YOUR OBJECTIVE
What you return must match, exactly, the lines running from the one containing "Коллектив авторов Древнейшие" to the end of the data, both included, and must contain no pictures.

INFORMATION PROVIDED
:::::
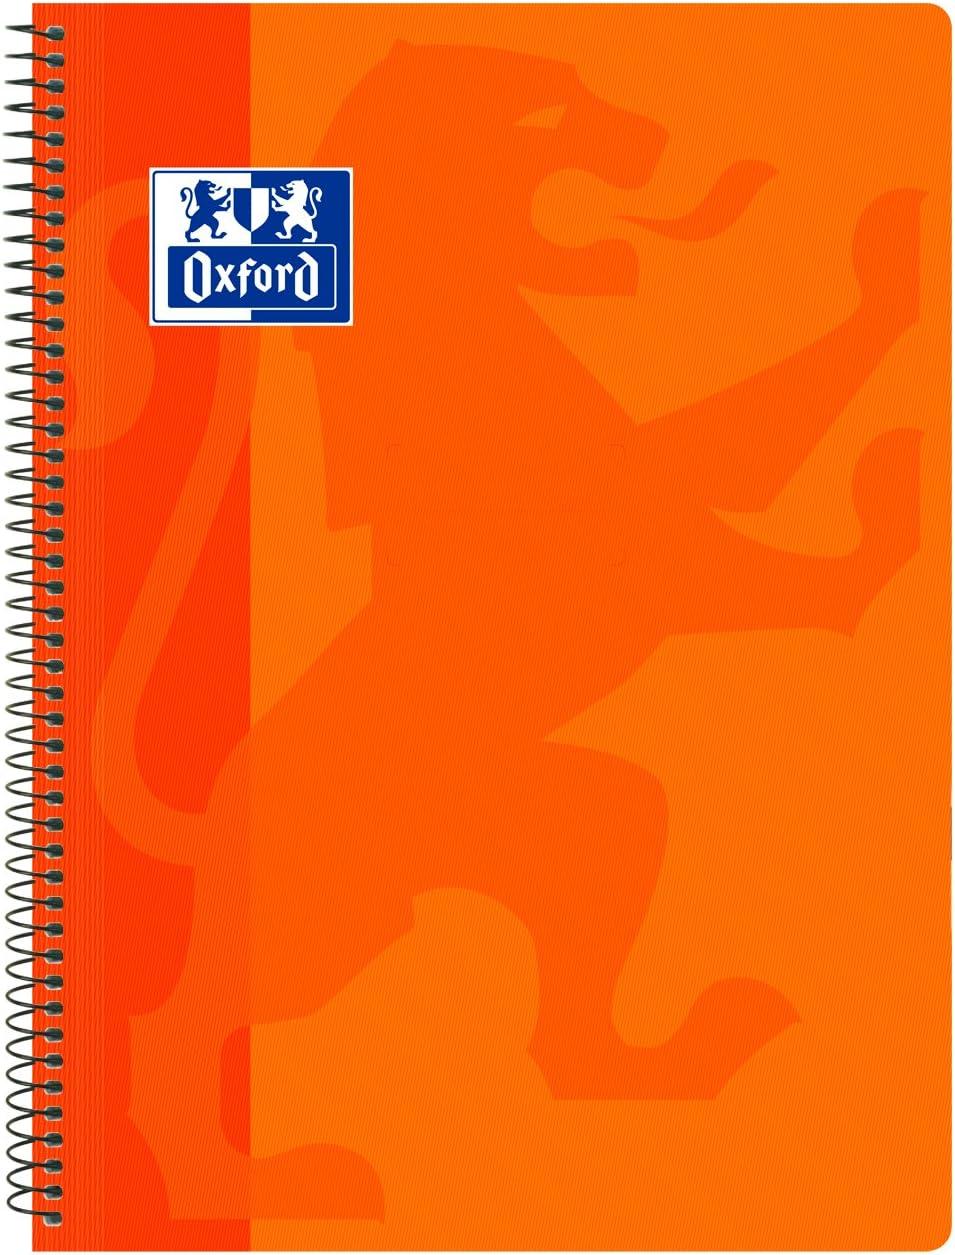 Oxford Classic - Cuaderno espiral, tapa plástico, cuadrícula 4x4, color naranja: Amazon.es: Oficina y papelería
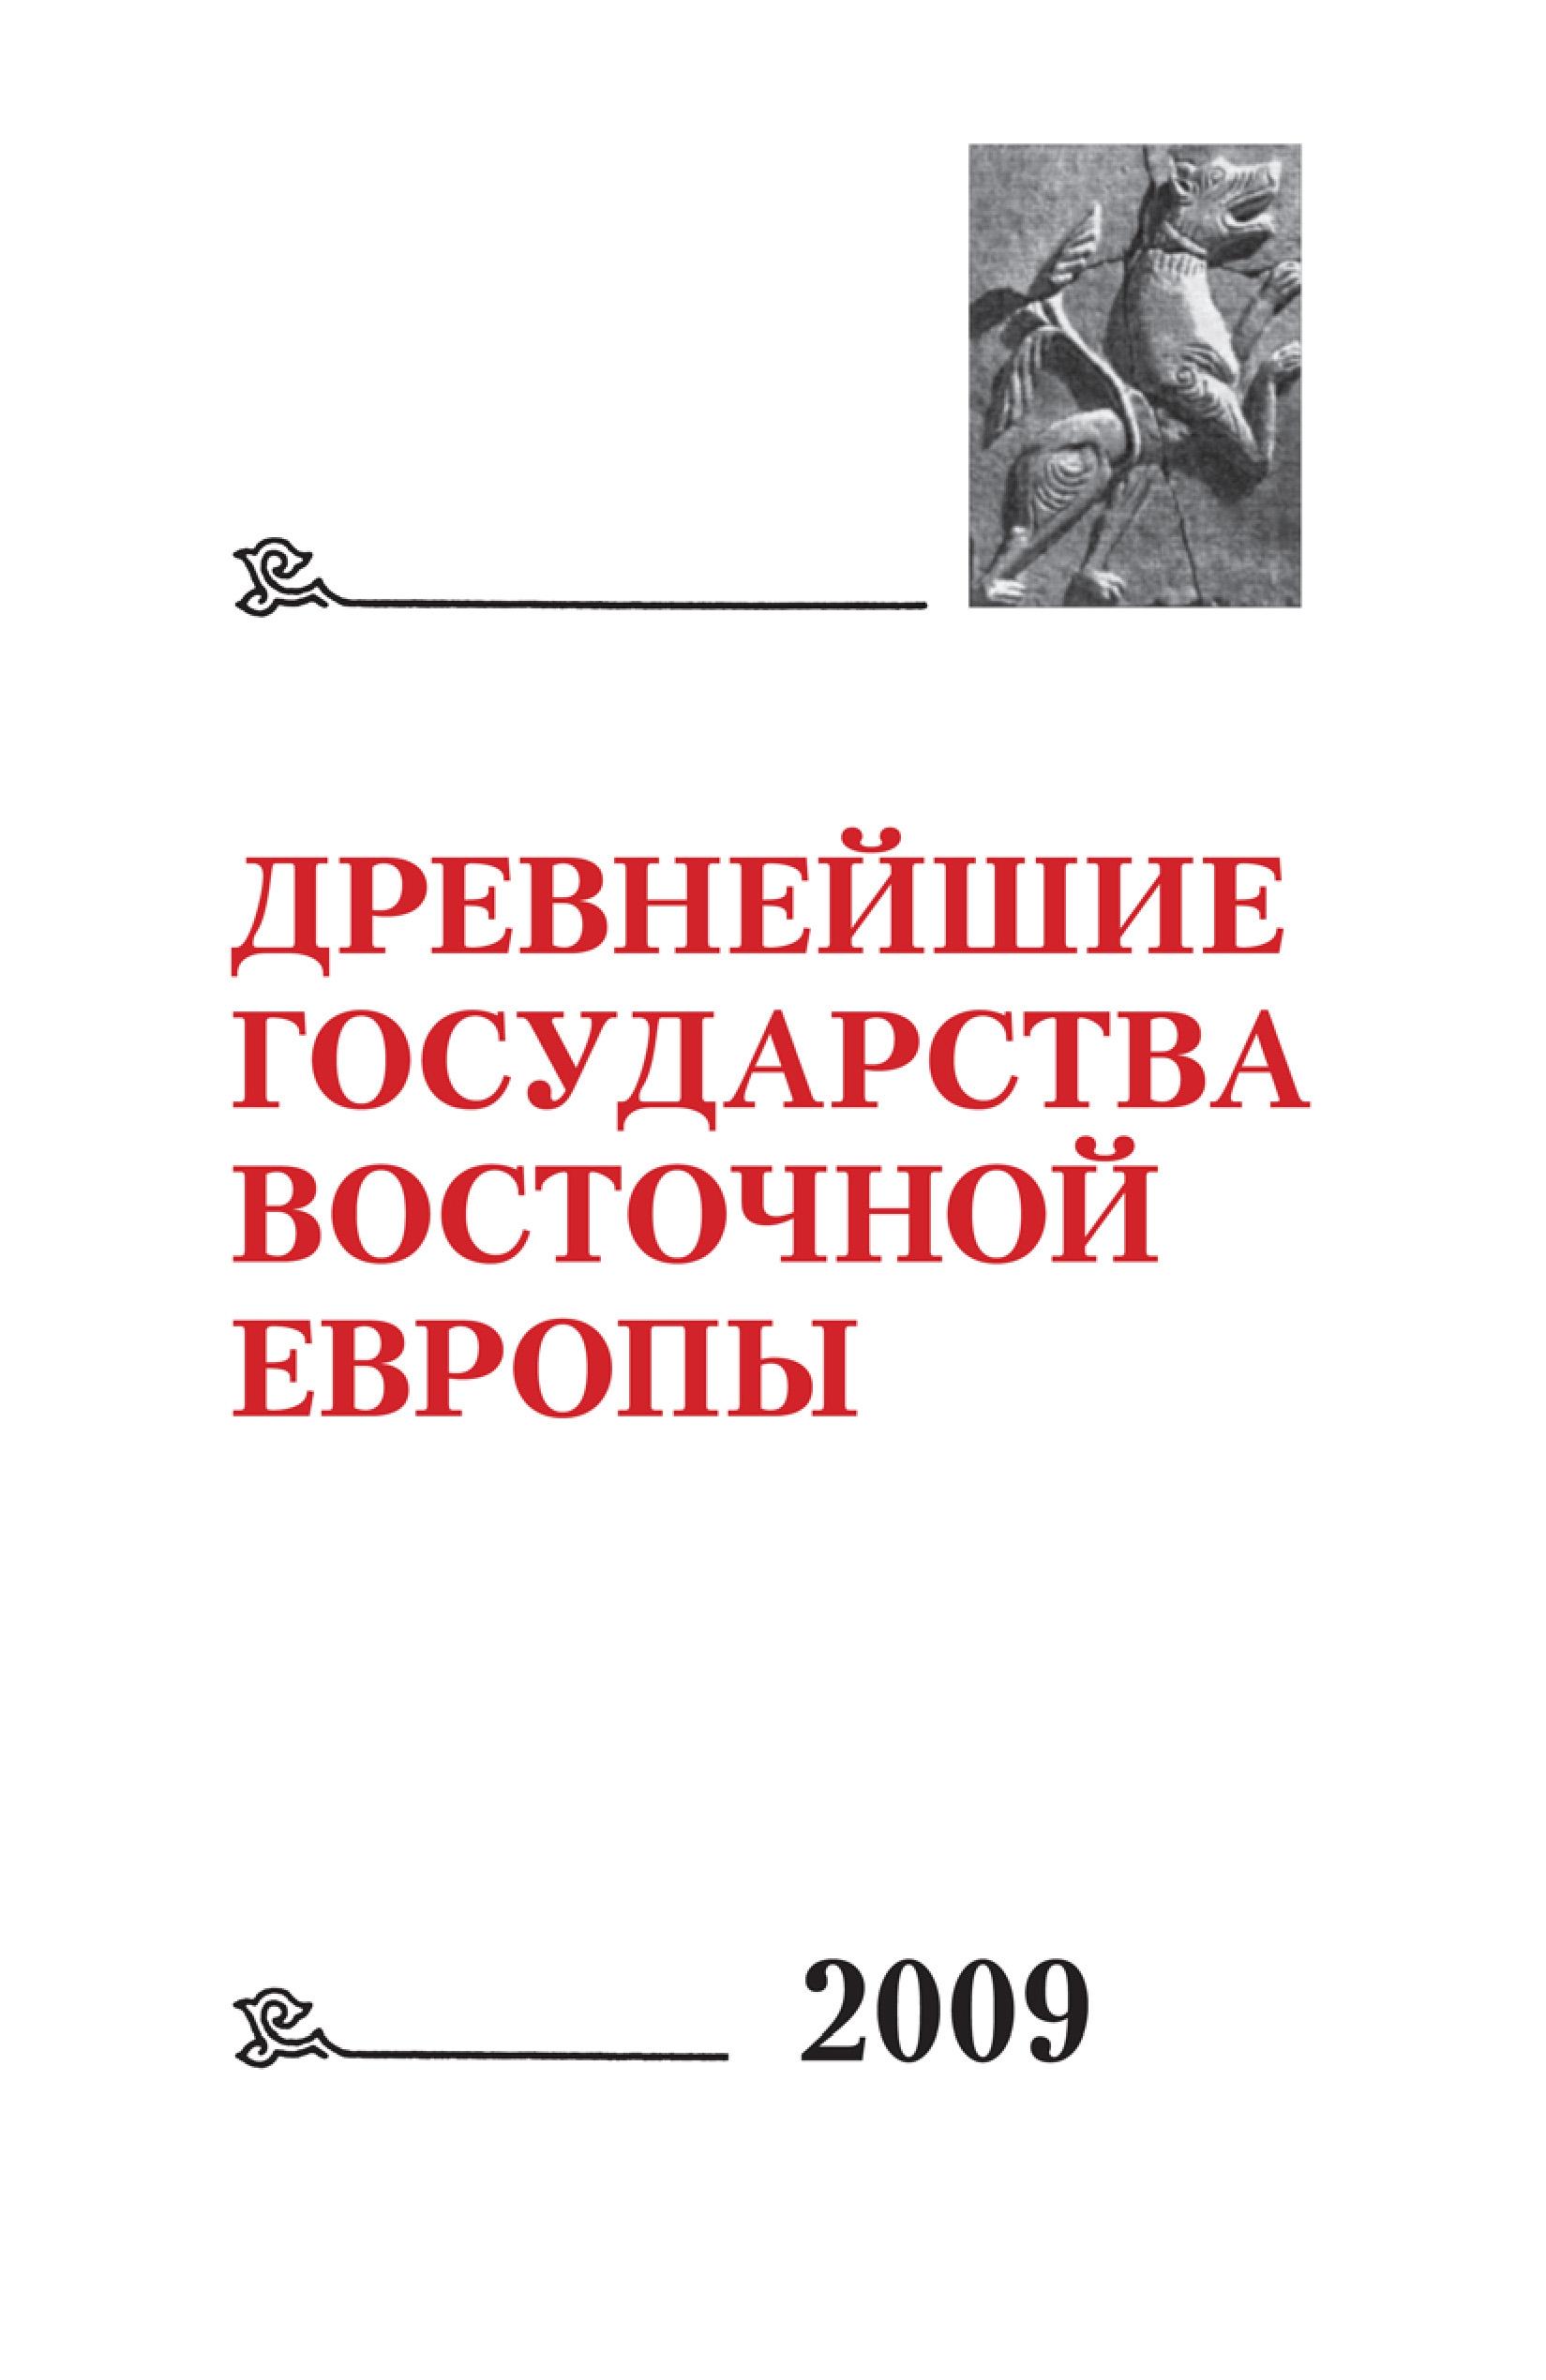 Коллектив авторов Древнейшие государства Восточной Европы 2009: Трансконтинентальные и локальные пути как социокультурный феномен
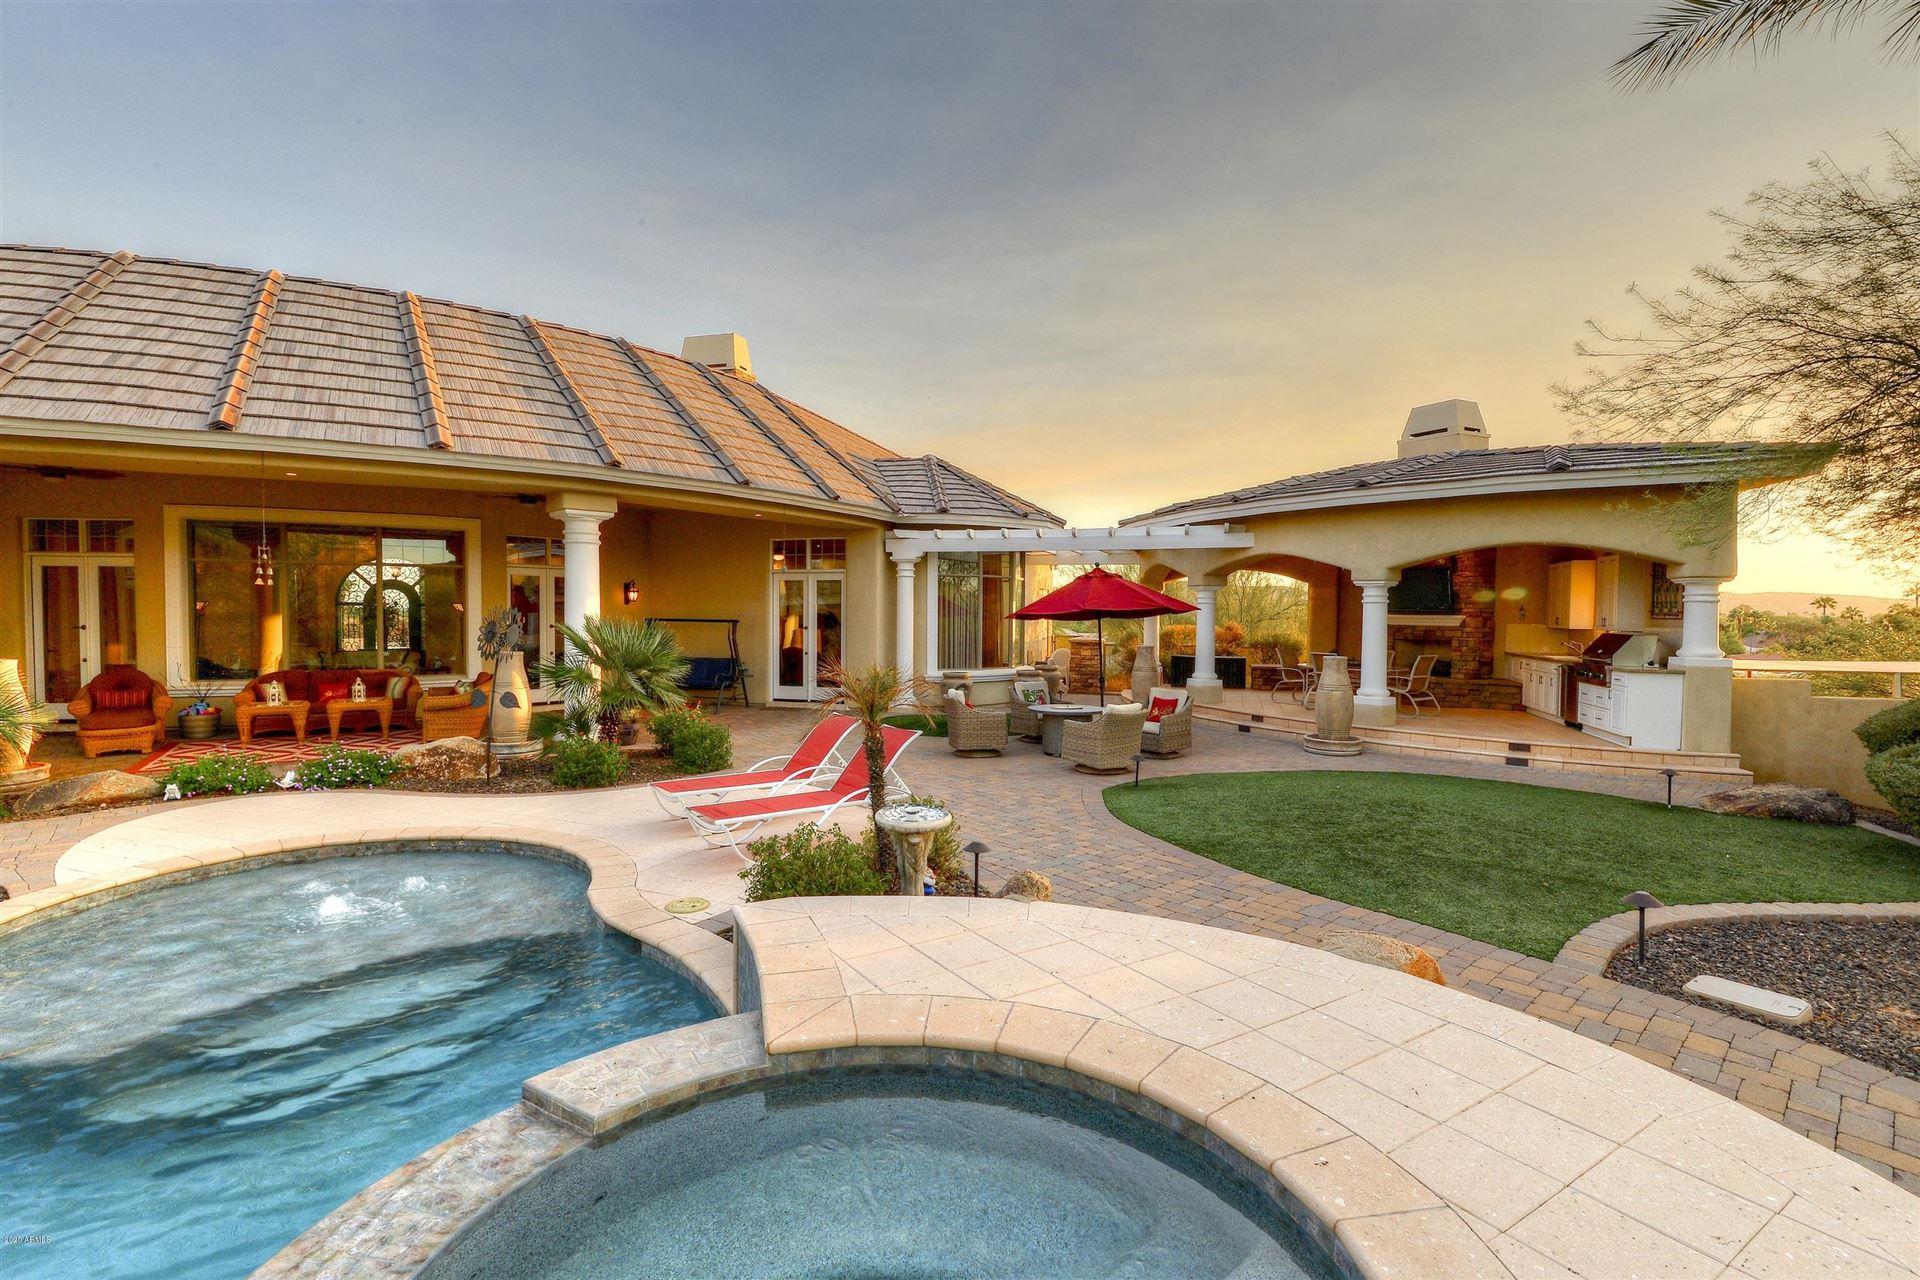 4550 W SADDLEHORN Road, Phoenix, AZ 85083 - MLS#: 6154407
:::::
ANSWER BELOW
 Коллектив авторов Древнейшие государства Восточной Европы 2009: Трансконтинентальные и локальные пути как социокультурный феномен
 4550 W SADDLEHORN Road, Phoenix, AZ 85083 - MLS#: 6154407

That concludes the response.